LocalStack is a cloud service emulator that you can use to run AWS applications locally for testing and development. To enhance your local testing capabilities, you can install the LocalStack VSCode Extension directly from AWS Walkthrough in AWS Toolkit, which offers a streamlined setup process through an intelligent wizard. After installation, the extension automatically detects whether LocalStack is configured on your system and prompts you to run the setup wizard through a notification. The entire process is quick and requires no manual configuration.

LocalStack extension has an integrated authentication wizard, that simplifies the process of connecting your development environment to LocalStack. During setup, the wizard opens a browser-based authentication flow and maintains an active connection until authentication completes. After it’s verified, it securely stores the authentication token in the ~/.localstack/auth.json file, enabling communication between your local environment and LocalStack services.
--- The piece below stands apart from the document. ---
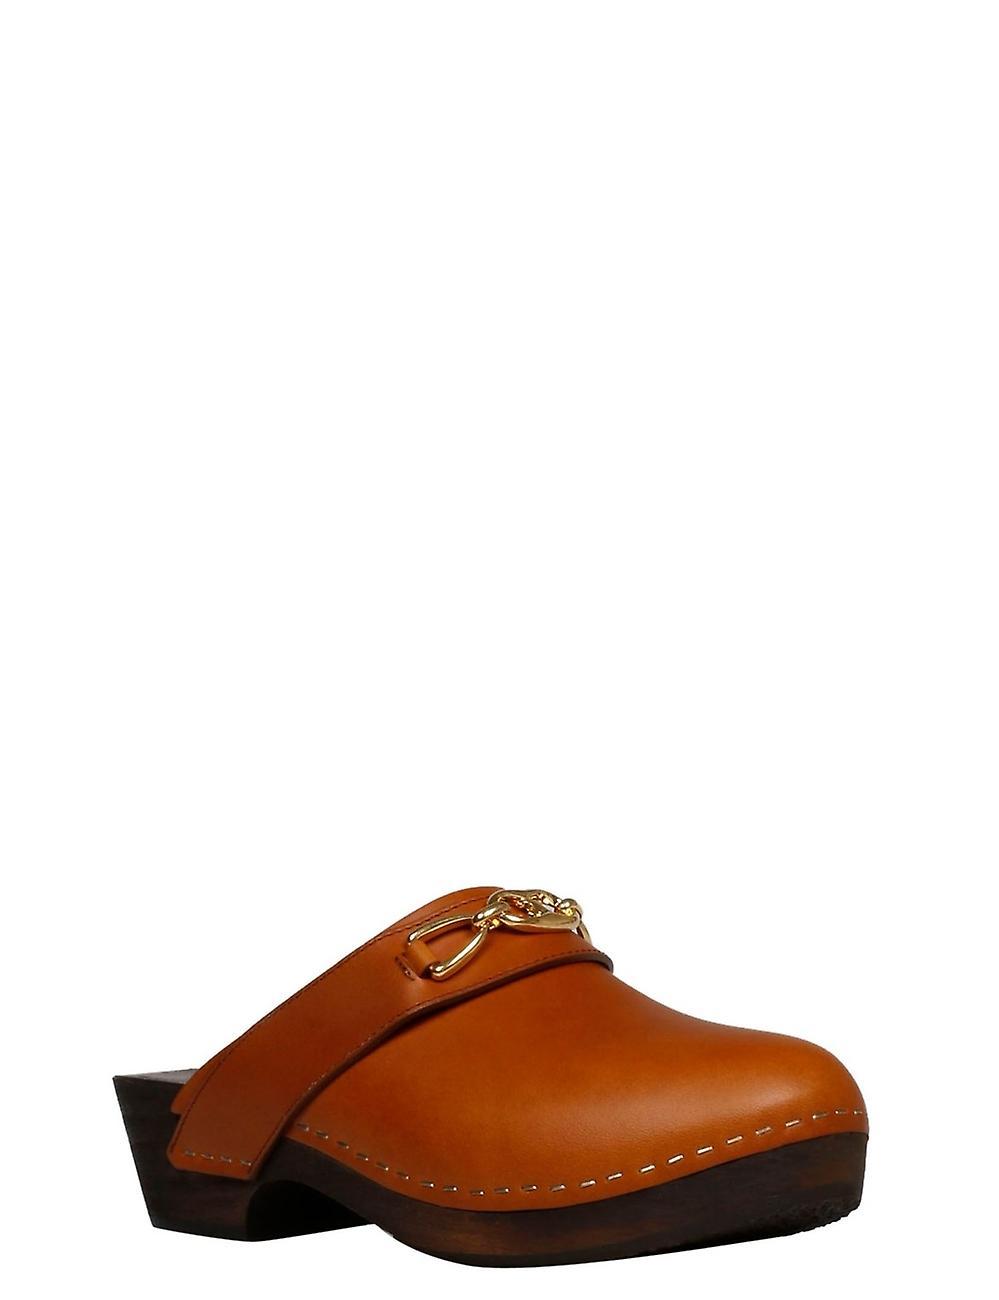 Céline 336623363c04lu Women's Brown Leather Slippers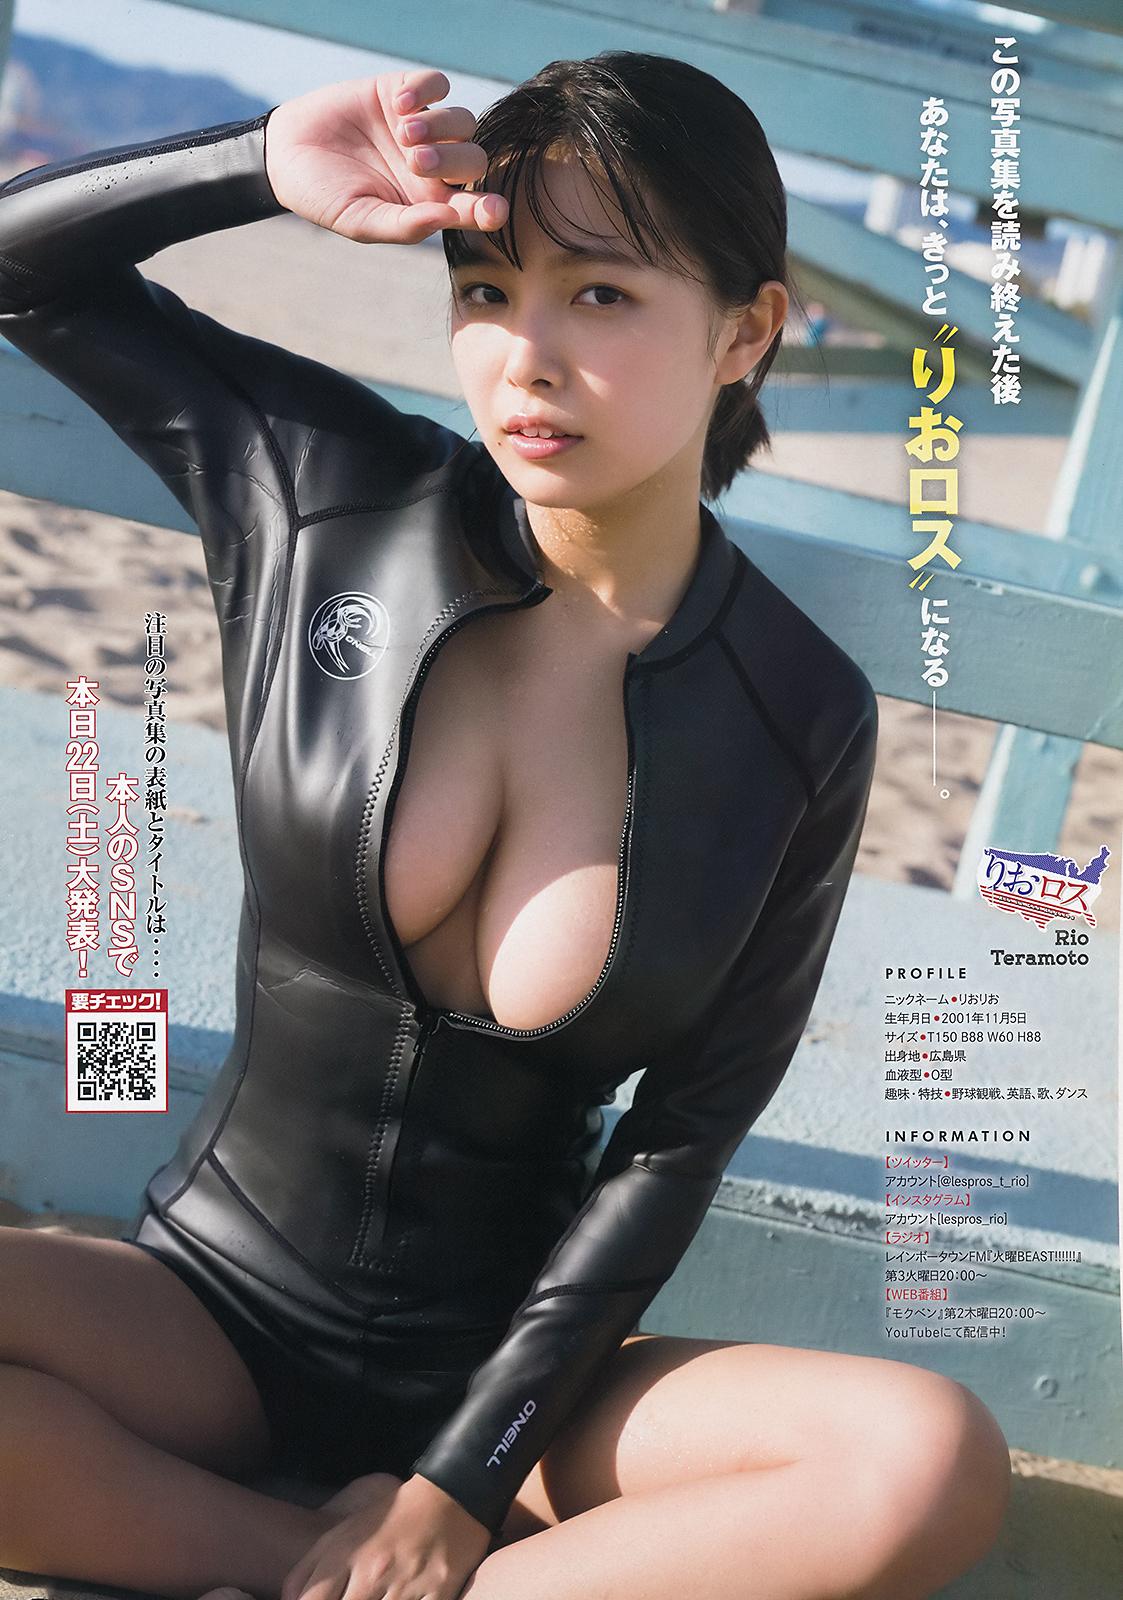 Teramoto Rio (寺本莉緒), Young Magazine

The wizard also checks if LocalStack AWS CLI profiles exist, and if not found, automatically creates them by updating the ~/.aws/config and ~/.aws/credentials files with LocalStack-specific endpoints and credentials. This seamless integration of AWS profiles enhances the development workflow by allowing developers to easily switch between different AWS environments, including the local LocalStack setup. By leveraging these profiles, developers can effortlessly point their AWS CLI or SDK to the appropriate endpoint, whether it’s a real AWS account or the LocalStack instance running on their machine. This configuration not only ensures a clear separation between local and cloud environments but also minimizes the risk of cross-environment interference. The automatic creation of these profiles streamlines the setup process, reducing manual configuration errors and saving valuable development time. Visual Studio Code (VS Code) provides real-time feedback throughout the setup. The status bar initially displays an error or warning indicator when LocalStack is not configured and then transitions to a normal or connected state once a successful connection is established. After setup completes, you’re ready to deploy, test, and debug serverless applications locally—without additional configuration. These settings persist across VS Code sessions, so the setup process is a one-time task.The following figure illustrates the process to start and verify LocalStack from VS Code.

To learn more, including installation steps, configuration examples, and troubleshooting guidance, visit the LocalStack Docs.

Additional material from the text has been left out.